RECORDS FOR THIS TASK —
_ _ _ _ _
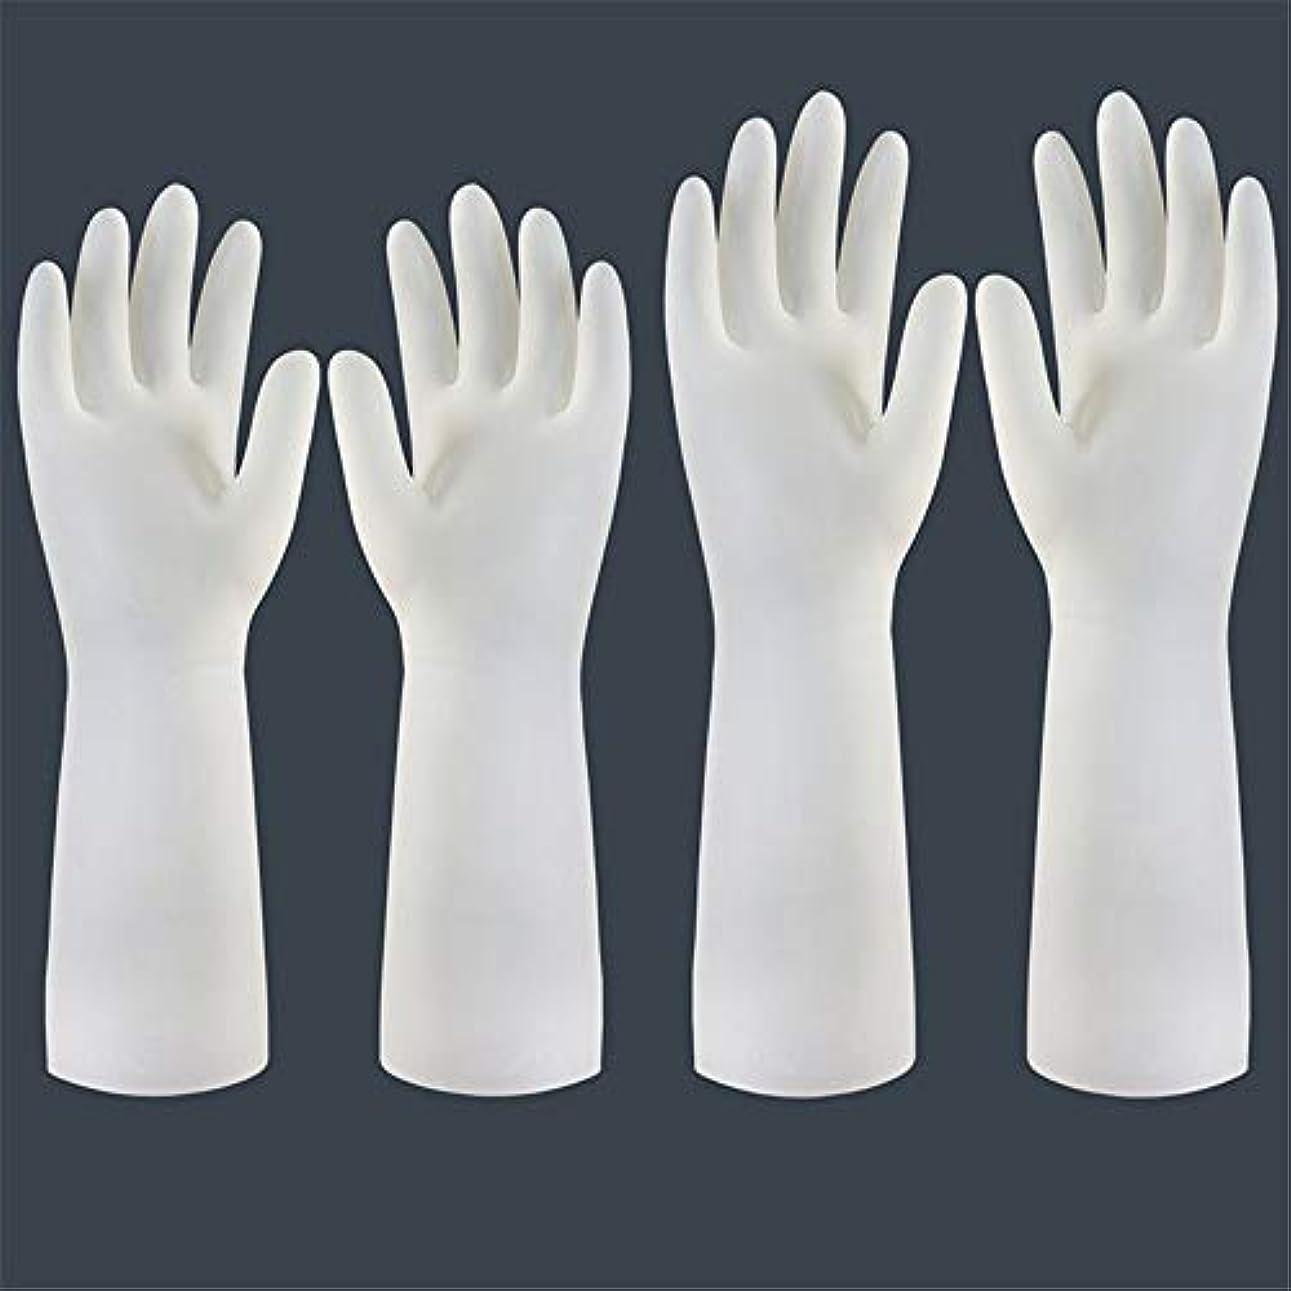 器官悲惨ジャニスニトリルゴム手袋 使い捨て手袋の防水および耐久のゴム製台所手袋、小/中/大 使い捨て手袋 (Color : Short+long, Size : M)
_ _ _ _ _
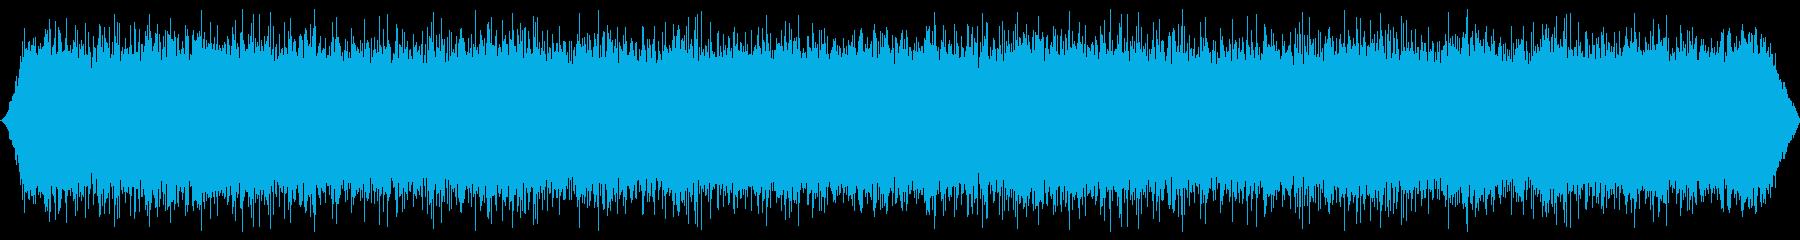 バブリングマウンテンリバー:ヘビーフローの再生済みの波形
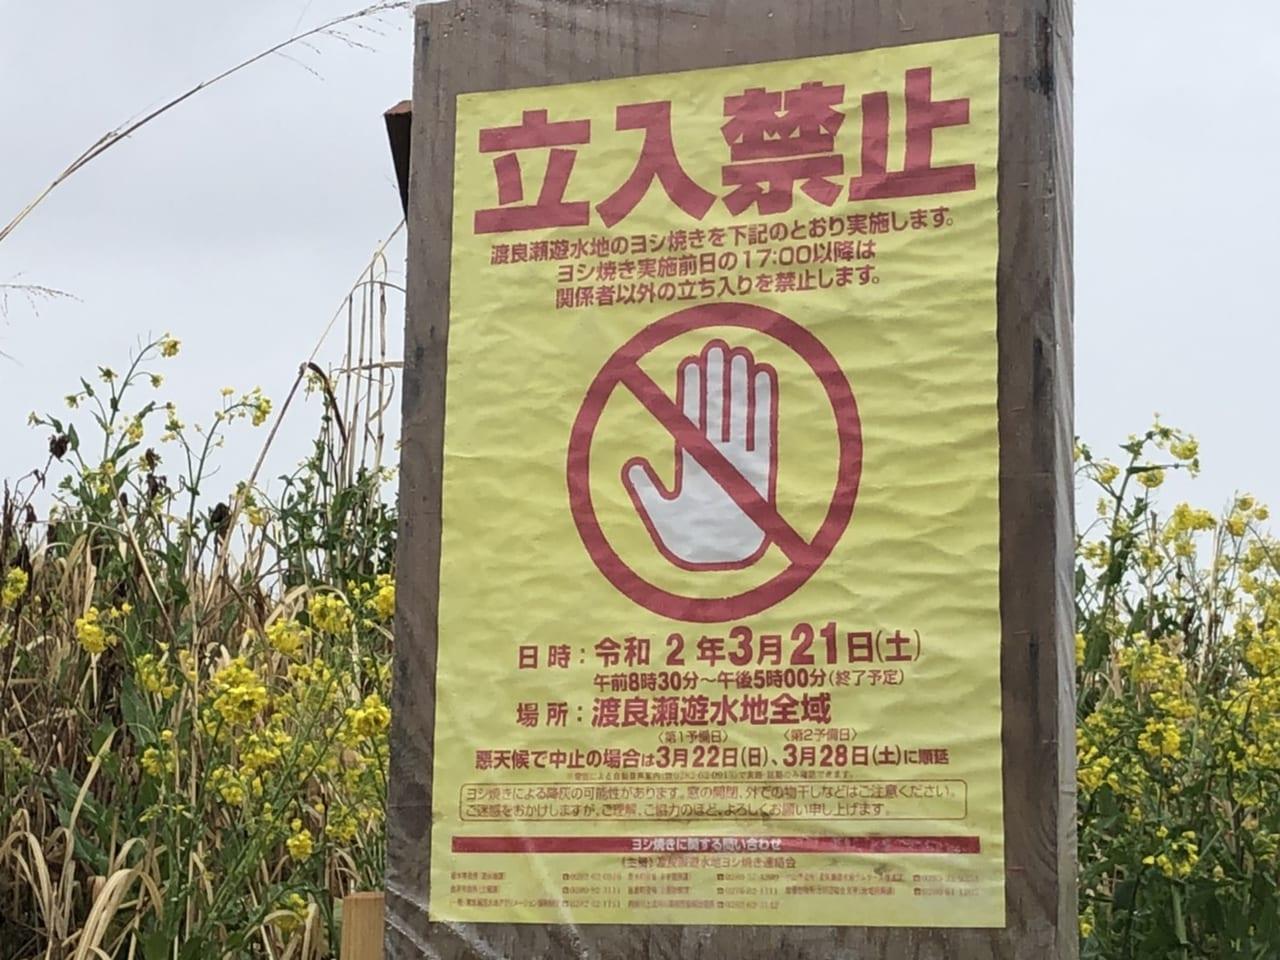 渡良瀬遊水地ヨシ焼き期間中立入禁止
_ _ _ _ _
EXERCISE — Using the data above, retype exactly the lines from the line with "バブリングマウンテンリバー:ヘビーフローの再生済みの波形" to the line with "渡良瀬遊水地ヨシ焼き期間中立入禁止", inclusive. No pictures and nothing else.

EXERCISE OUTPUT —
 バブリングマウンテンリバー:ヘビーフローの再生済みの波形
 渡良瀬遊水地ヨシ焼き期間中立入禁止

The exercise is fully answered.